Well I have been drinking less water lately usually 5-6 a day and now only 2. Ive only at 700 for a week and ill keep it up for another 3 or 4 to try it out


----------



## DaveW3000 (Mar 25, 2013)

Had this really bad on a cycle of methyl dienalone. Awesome cycle but hypo was really hard to deal with/ control.

I'm in for tips to help control it for my next run.


----------



## Thunder99 (Jul 25, 2013)

magnesium citrate high dose. helps to control insulin sensitivity.

Also switching to low carb diet stopped me from going hypo whilst using tren completely.

Low carb diet is highly recommended for diabetics also.


----------



## GeordieOak70 (Sep 16, 2013)

Always have a tube of glucose tablets on me now as they work 100 times quicker than food and get you back up and running in no time.


----------



## DagoDuck (May 9, 2013)

not a good idea. thus you are fighting only the symptoms. not the cause.


----------



## Dead lee (Jul 4, 2010)

gearchange said:


> The best thing you can do is drink 4+ltrs of water every day without fail..You could try using tren e instead or drop the dose down to below 300mg.
> 
> Be warned if you do not stop the inflammation you will end up very ill as it affects insulin and your bile ducts,which in turn will damage your liver.


How do you know his pancreas is inflamed? What about tren ability to shuttle carbs at a faster rate , i had lower blood sugar drops for what could have been up to 15 weeks and my liver values came in fine on my test 5-6 weeks later.


----------



## Dead lee (Jul 4, 2010)

DagoDuck said:


> I had this on tren as well...
> 
> worst was when I drank alcohol.
> 
> ...


Did you have your liver values check and do you have the results?


----------



## Dead lee (Jul 4, 2010)

irish87 said:


> Well I have been drinking less water lately usually 5-6 a day and now only 2. Ive only at 700 for a week and ill keep it up for another 3 or 4 to try it out


How long haven you been on tren?


----------



## irish87 (May 22, 2012)

Dead lee said:


> How long haven you been on tren?


Been on tren for about 8 weeks now upping my dose every couple weeks till I got to 700 p/w


----------



## gearchange (Mar 19, 2010)

Dead lee said:


> How do you know his pancreas is inflamed? What about tren ability to shuttle carbs at a faster rate , i had lower blood sugar drops for what could have been up to 15 weeks and my liver values came in fine on my test 5-6 weeks later.


I dont know.I was just advising him what to do as a precaution.I happen to know a great deal about this.Just because carbs are shuttled fast does not mean you will go hypo,but if your pancreas is having to work overtime (which it will) it can get inflamed and cause no end of trouble.It is best to err on the side of caution if you can,and what I have told him will not do any harm or change his gains.


----------



## Jutt (Oct 18, 2012)

Interesting thread I've had this on my last 2 cycles one with tren & one without.

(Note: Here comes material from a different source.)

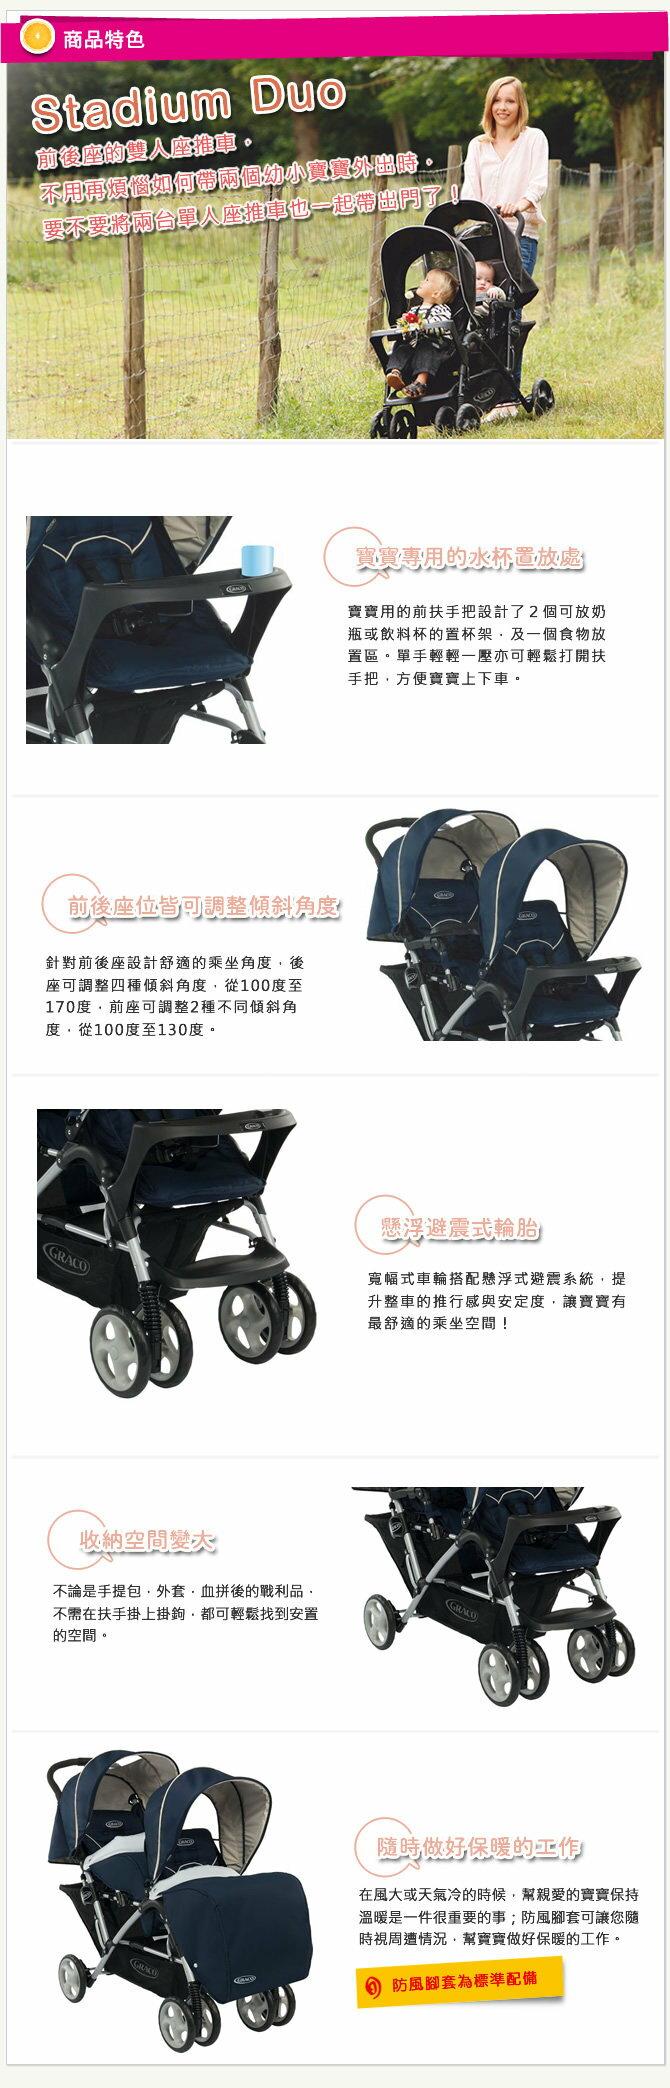 Graco - Stadium Duo 雙人前後座嬰幼兒手推車 城市雙人行 -天海藍 1

It came out of nowhere each time & I had to stop have water & something to eat & then felt fine after 5 mins,


----------



## SK50 (Apr 7, 2013)

gearchange said:


> This can happen if your pancreas is under strain from the tren,do you have indigestion as well ?

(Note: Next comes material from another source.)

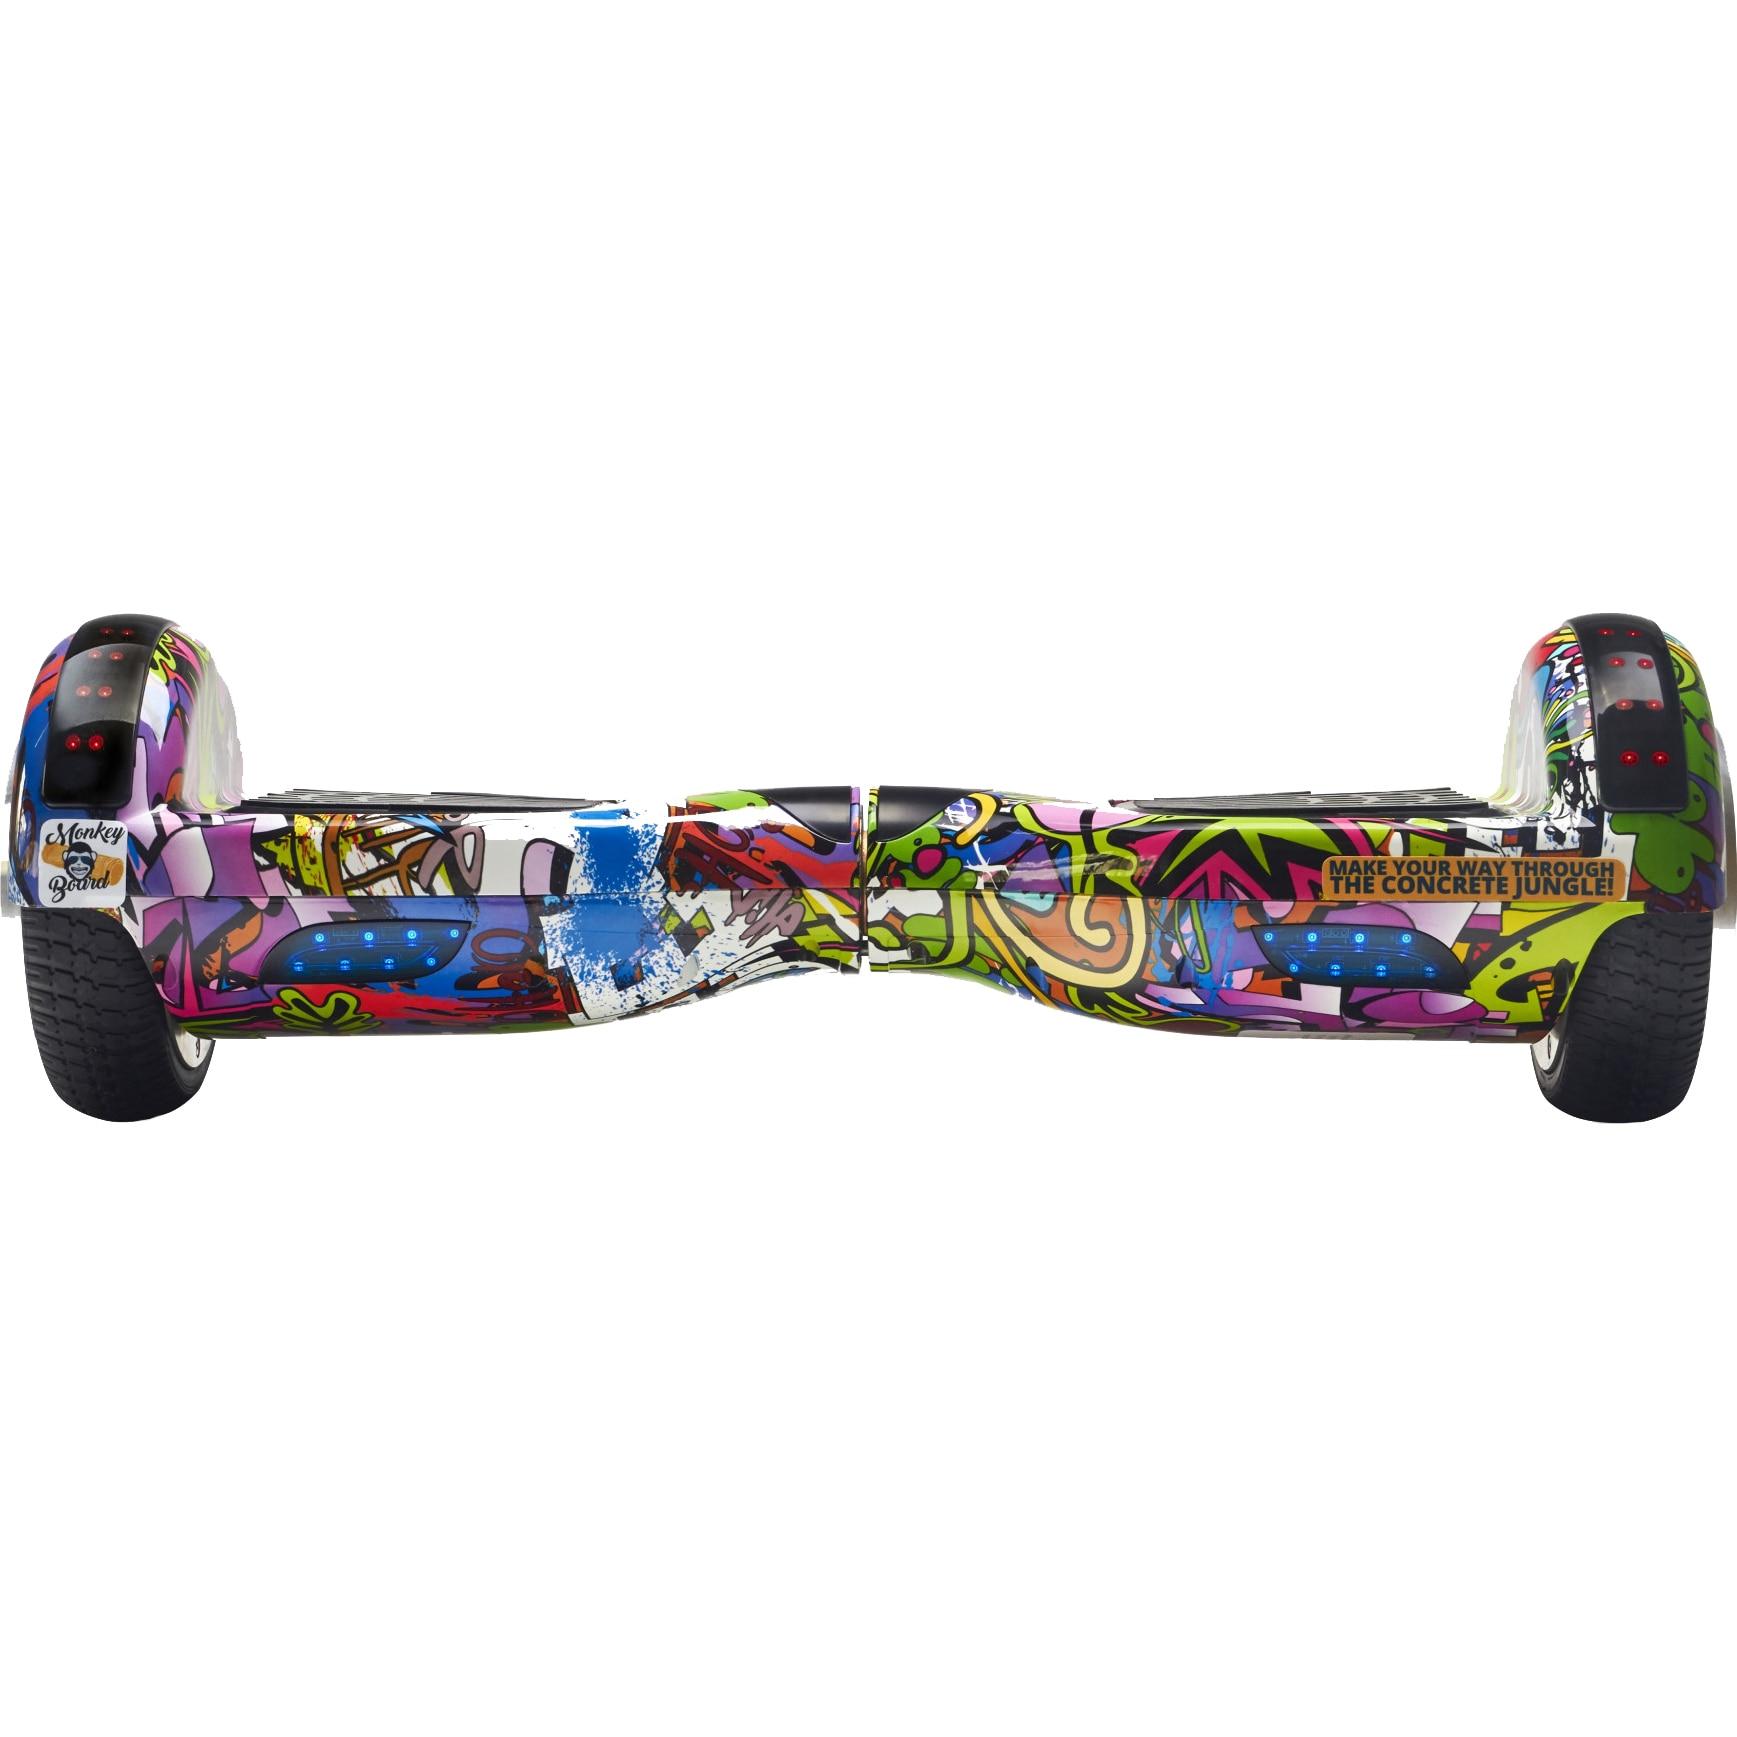 Fotografie Hoverboard Original MonkeyBoard® Jungle Mania, Scuter electric, roti 6.5 inch, bluetooth, geanta de transport cadou, led-uri, lumini de zi/noapte, boxa incorporata, 1000w

gc, I know you mention this pancreas thing before. Question, Are pancreas issues specific to tren? or can this happen with other AAS (e.g. mast)?

Trenbolone really screws me up - I don't know exactly what it does but I recently found out it wrecks my white blood count and I was neutropenic while on it - it also makes my face look like I have cushing's syndrome so I think it wrecks my cortisol levels. WBCs are fine when I get off it. Could this be related?

Thx


----------



## gearchange (Mar 19, 2010)

The pancreas has a lot of androgen receptors and not only that Tren (as has been mentioned) is hugely effective at shuttling nutrients/carbs.When your carbs get chewed up you need more insulin release to accommodate the lower blood sugar levels ,this is where the pancreas starts to get overworked and inflamed..this in turn closes bile ducts,stopping your ability to breakdown food in the stomach (bile) does this.When the bile is not present as it should be ,you get acid reflux from the stomach acid and your liver is then having trouble filtering toxins..It is all looped and connected ,this then puts your portal vein under strain and back pressure occurs.

Now you have bad indigestion and back ache..

All this over a little as 6 weeks will then start to affect other areas such as you mentioned. Not everyone gets it that bad but those who are older or who drink more will be more susceptible .


----------



## Dead lee (Jul 4, 2010)

gearchange said:


> I dont know.I was just advising him what to do as a precaution.I happen to know a great deal about this.Just because carbs are shuttled fast does not mean you will go hypo,but if your pancreas is having to work overtime (which it will) it can get inflamed and cause no end of trouble.It is best to err on the side of caution if you can,and what I have told him will not do any harm or change his gains.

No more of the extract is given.